[PATCH 03/16] x86/entry/32: Leave the kernel via the trampoline stack

From: Joerg Roedel
Date: Tue Jan 16 2018 - 11:55:53 EST


From: Joerg Roedel <jroedel@xxxxxxx>

Switch back to the trampoline stack before returning to
userspace.

Signed-off-by: Joerg Roedel <jroedel@xxxxxxx>
---
arch/x86/entry/entry_32.S | 58 ++++++++++++++++++++++++++++++++++++++++
arch/x86/kernel/asm-offsets_32.c | 1 +
2 files changed, 59 insertions(+)

diff --git a/arch/x86/entry/entry_32.S b/arch/x86/entry/entry_32.S
index 5a7bdb73be9f..14018eeb11c3 100644
--- a/arch/x86/entry/entry_32.S
+++ b/arch/x86/entry/entry_32.S
@@ -263,6 +263,61 @@
.endm

/*
+ * Switch back from the kernel stack to the entry stack.
+ *
+ * iret_frame > 0 adds code to copie over an iret frame from the old to
+ * the new stack. It also adds a check which bails out if
+ * we are not returning to user-space.
+ *
+ * This macro is allowed not modify eflags when iret_frame == 0.
+ */
+.macro SWITCH_TO_ENTRY_STACK iret_frame=0
+ .if \iret_frame > 0
+ /* Are we returning to userspace? */
+ testb $3, 4(%esp) /* return CS */
+ jz .Lend_\@
+ .endif
+
+ /*
+ * We run with user-%fs already loaded from pt_regs, so we don't
+ * have access to per_cpu data anymore, and there is no swapgs
+ * equivalent on x86_32.
+ * We work around this by loading the kernel-%fs again and
+ * reading the entry stack address from there.
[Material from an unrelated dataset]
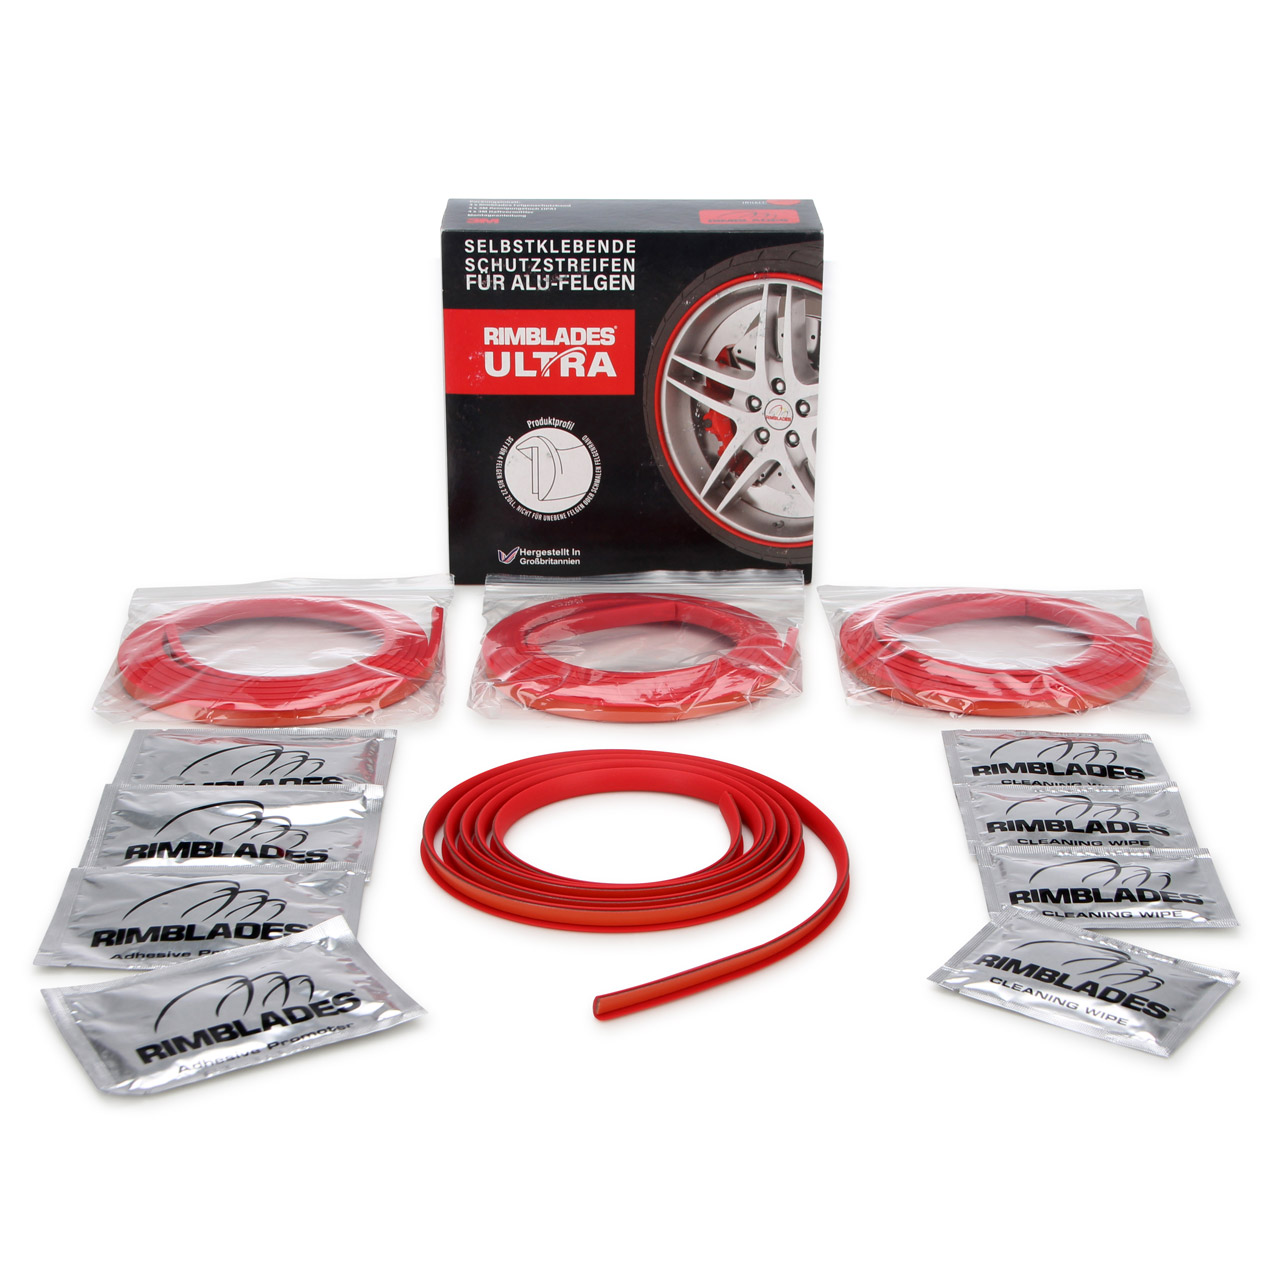 RIMBLADES Ultra Felgenschutz Felgenringe Rim Protector & Styling ROT bis 22 Zoll

Then we restore
+ * the user-%fs and return.
+ */
+ pushl %fs
+ pushl %edi
+
+ /* Re-load kernel-%fs, after that we can use PER_CPU_VAR */
+ movl $(__KERNEL_PERCPU), %edi
+ movl %edi, %fs
+
+ /* Save old stack pointer to copy the return frame over if needed */
+ movl %esp, %edi
+ movl PER_CPU_VAR(cpu_tss_rw + TSS_sp0), %esp
+
+ /* Now we are on the entry stack */
+
+ .if \iret_frame > 0
+ /* Stack frame: ss, esp, eflags, cs, eip, fs, edi */
+ pushl 6*4(%edi) /* ss */
+ pushl 5*4(%edi) /* esp */
+ pushl 4*4(%edi) /* eflags */
+ pushl 3*4(%edi) /* cs */
+ pushl 2*4(%edi) /* eip */
+ .endif
+
+ pushl 4(%edi) /* fs */
+
+ /* Restore user %edi and user %fs */
+ movl (%edi), %edi
+ popl %fs
+
+.Lend_\@:
+.endm
+
+/*
* %eax: prev task
* %edx: next task
*/
@@ -512,6 +567,8 @@ ENTRY(entry_SYSENTER_32)
btr $X86_EFLAGS_IF_BIT, (%esp)
popfl

+ SWITCH_TO_ENTRY_STACK
+
/*
* Return back to the vDSO, which will pop ecx and edx.
* Don't bother with DS and ES (they already contain __USER_DS).
@@ -601,6 +658,7 @@ restore_all:
.Lrestore_nocheck:
RESTORE_REGS 4 # skip orig_eax/error_code
.Lirq_return:
+ SWITCH_TO_ENTRY_STACK iret_frame=1
INTERRUPT_RETURN

.section .fixup, "ax"
diff --git a/arch/x86/kernel/asm-offsets_32.c b/arch/x86/kernel/asm-offsets_32.c
index 7270dd834f4b..b628f898edd2 100644
--- a/arch/x86/kernel/asm-offsets_32.c
+++ b/arch/x86/kernel/asm-offsets_32.c
@@ -50,6 +50,7 @@ void foo(void)
DEFINE(TSS_sysenter_stack, offsetof(struct cpu_entry_area, tss.x86_tss.sp1) -
offsetofend(struct cpu_entry_area, entry_stack_page.stack));

+ OFFSET(TSS_sp0, tss_struct, x86_tss.sp0);
OFFSET(TSS_sp1, tss_struct, x86_tss.sp1);

#ifdef CONFIG_CC_STACKPROTECTOR
--
2.13.6